→ **Extracted records**
────────────────────────────────────────
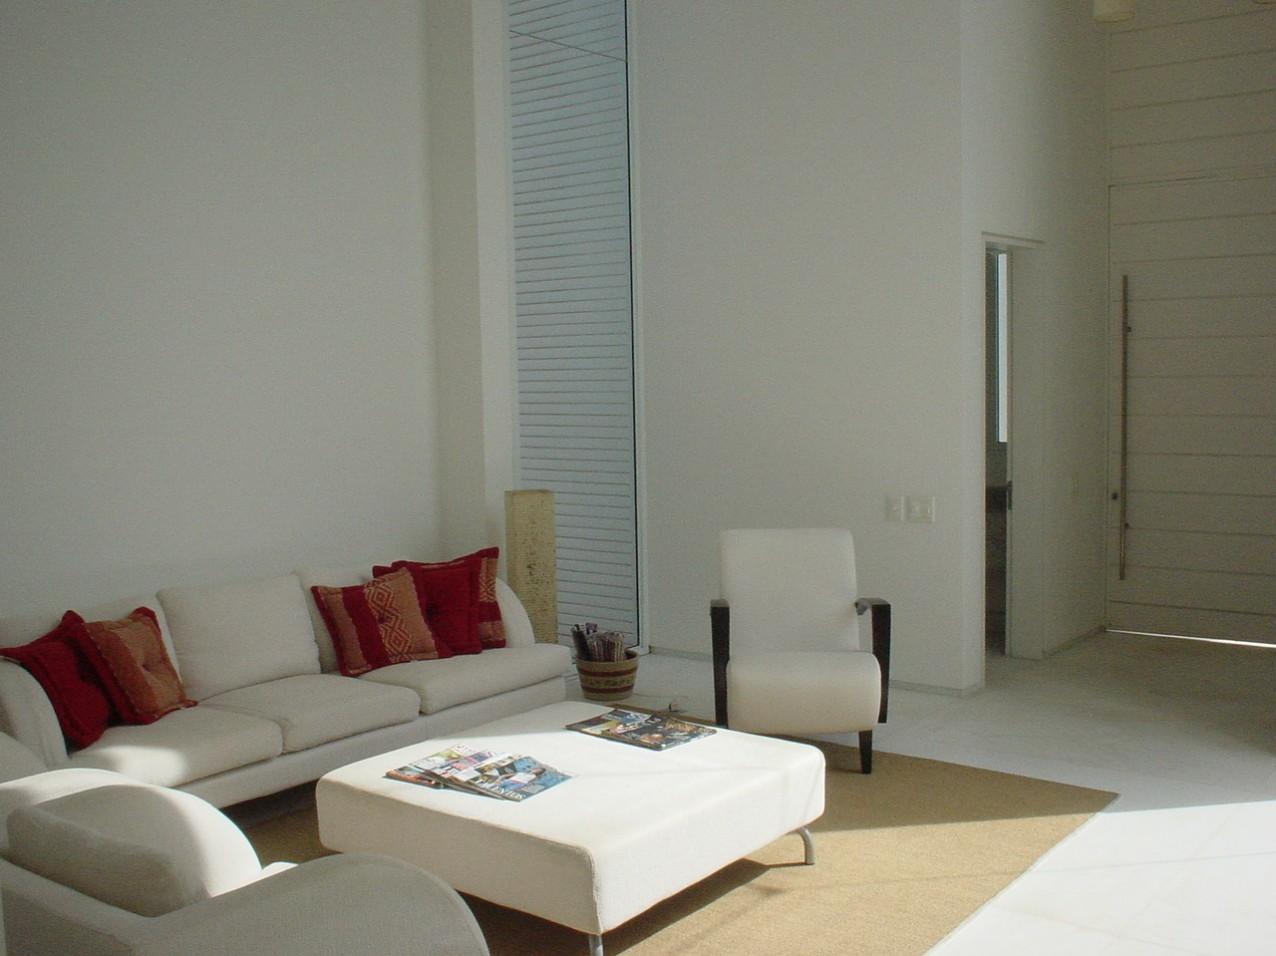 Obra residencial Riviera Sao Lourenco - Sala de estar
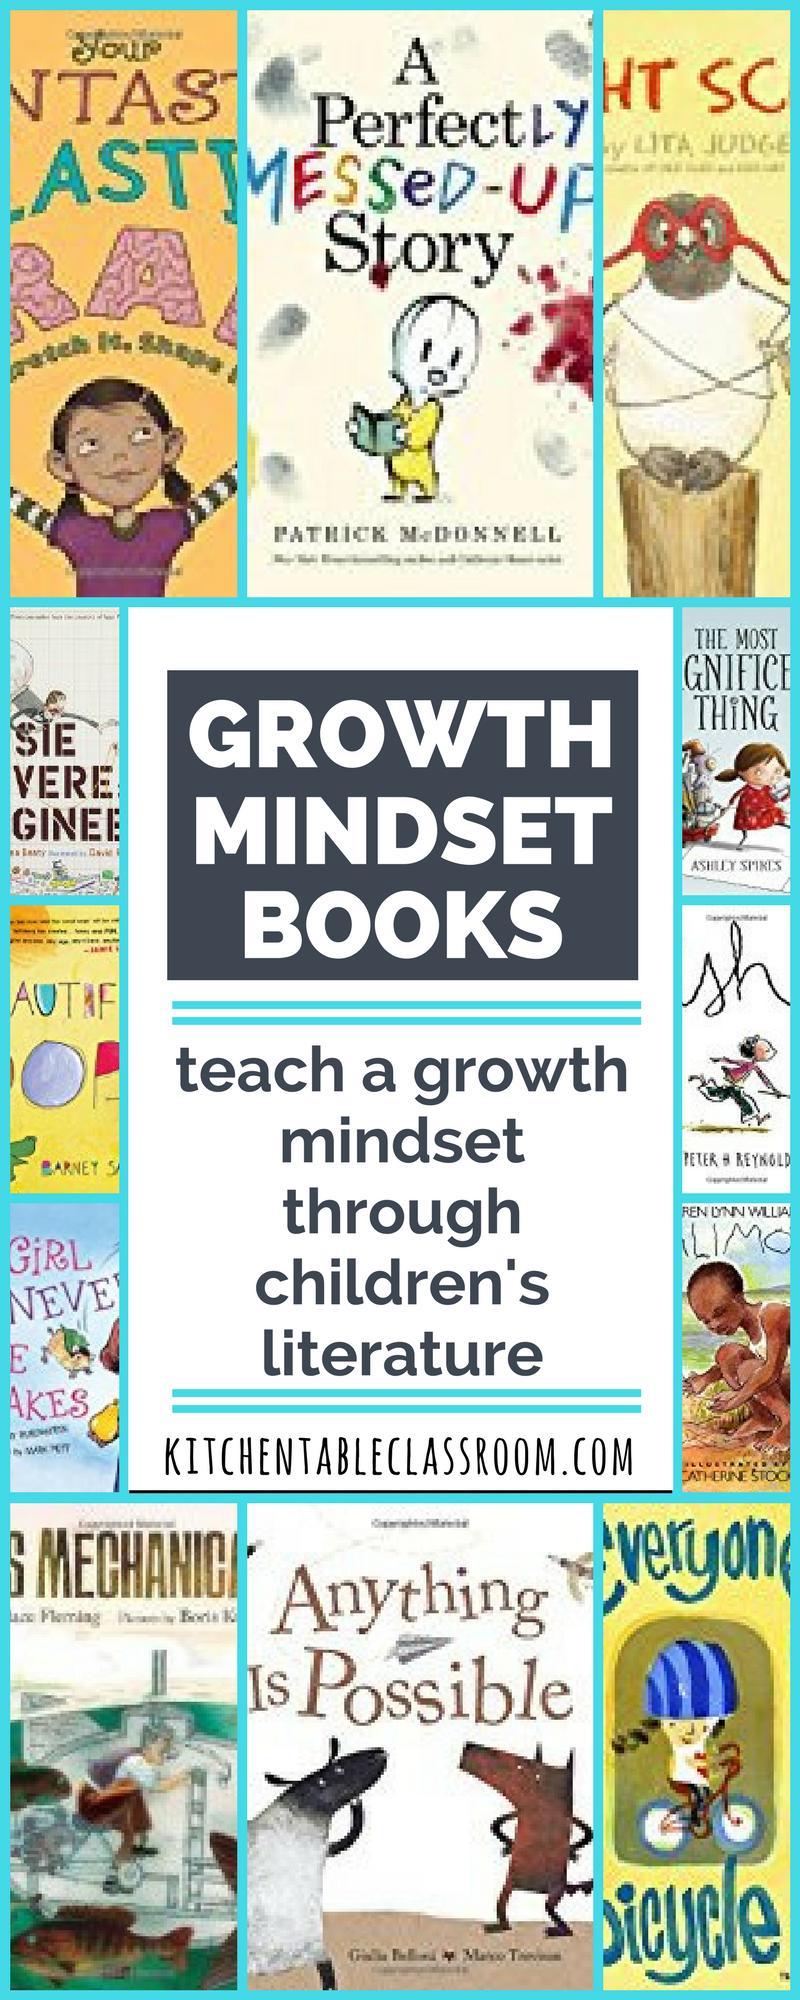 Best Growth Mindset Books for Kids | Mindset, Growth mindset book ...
────────────────────────────────────────
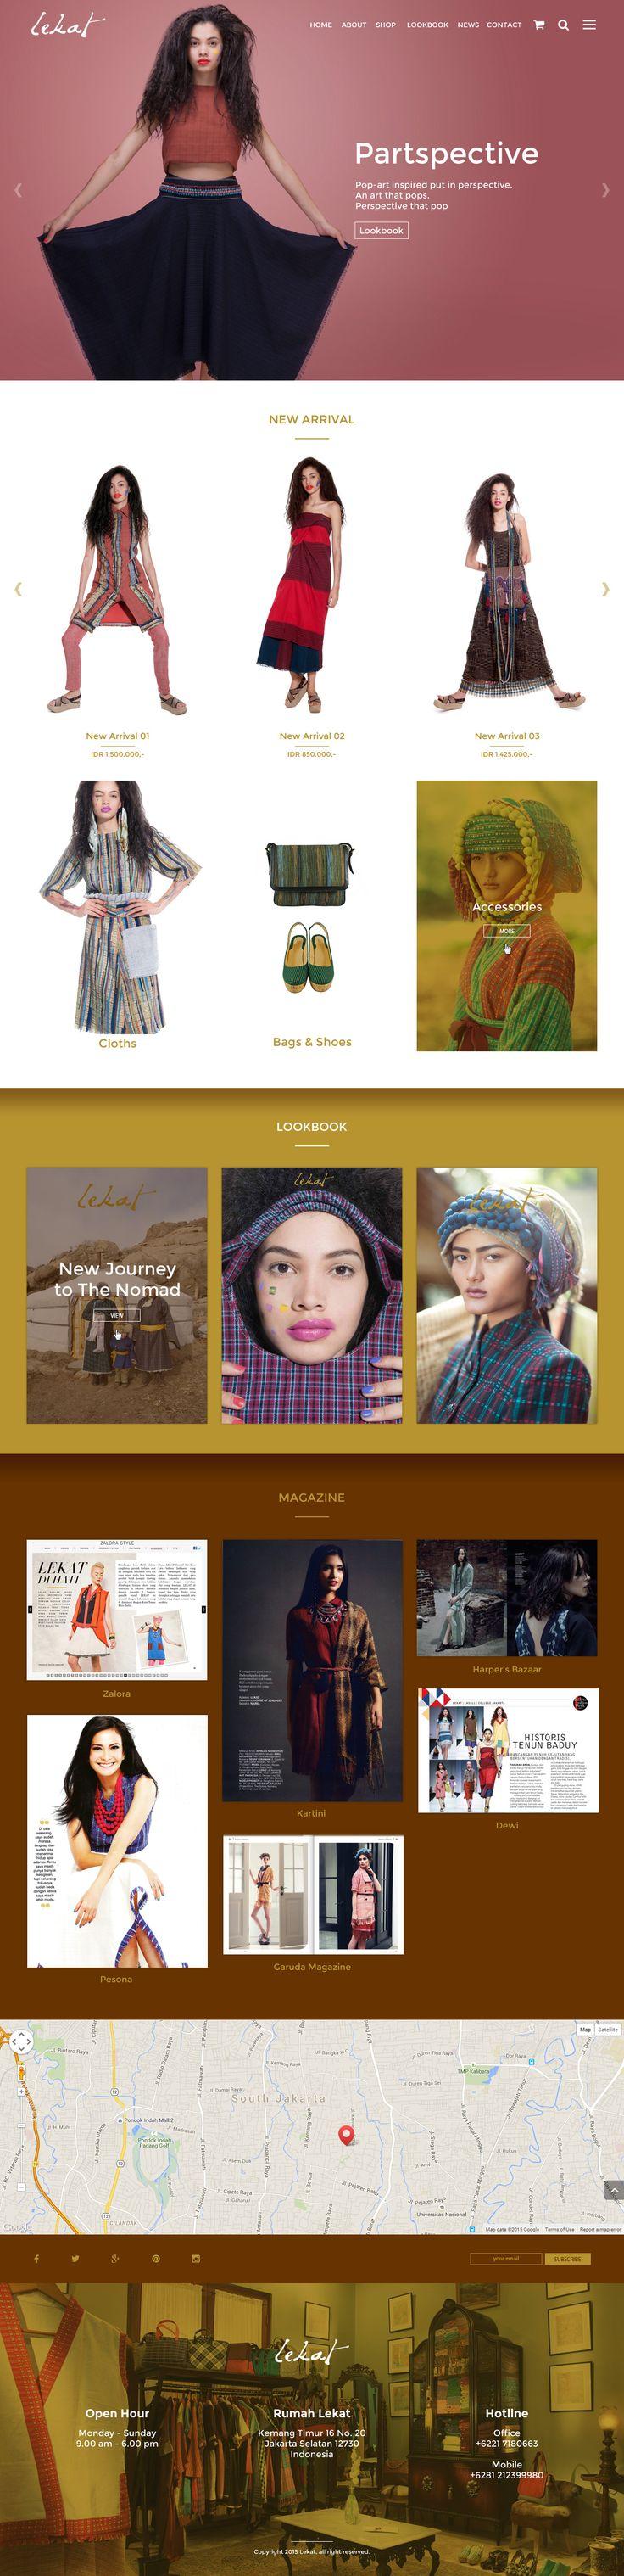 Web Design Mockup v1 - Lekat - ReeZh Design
────────────────────────────────────────
→ **What to do**
What you return must match, character for character, the lines above from the one with "Obra residencial Riviera" through the one with "Best Growth Mindset", minus any pictures.

→ **Reply**
 Obra residencial Riviera Sao Lourenco - Sala de estar
 Best Growth Mindset Books for Kids | Mindset, Growth mindset book ...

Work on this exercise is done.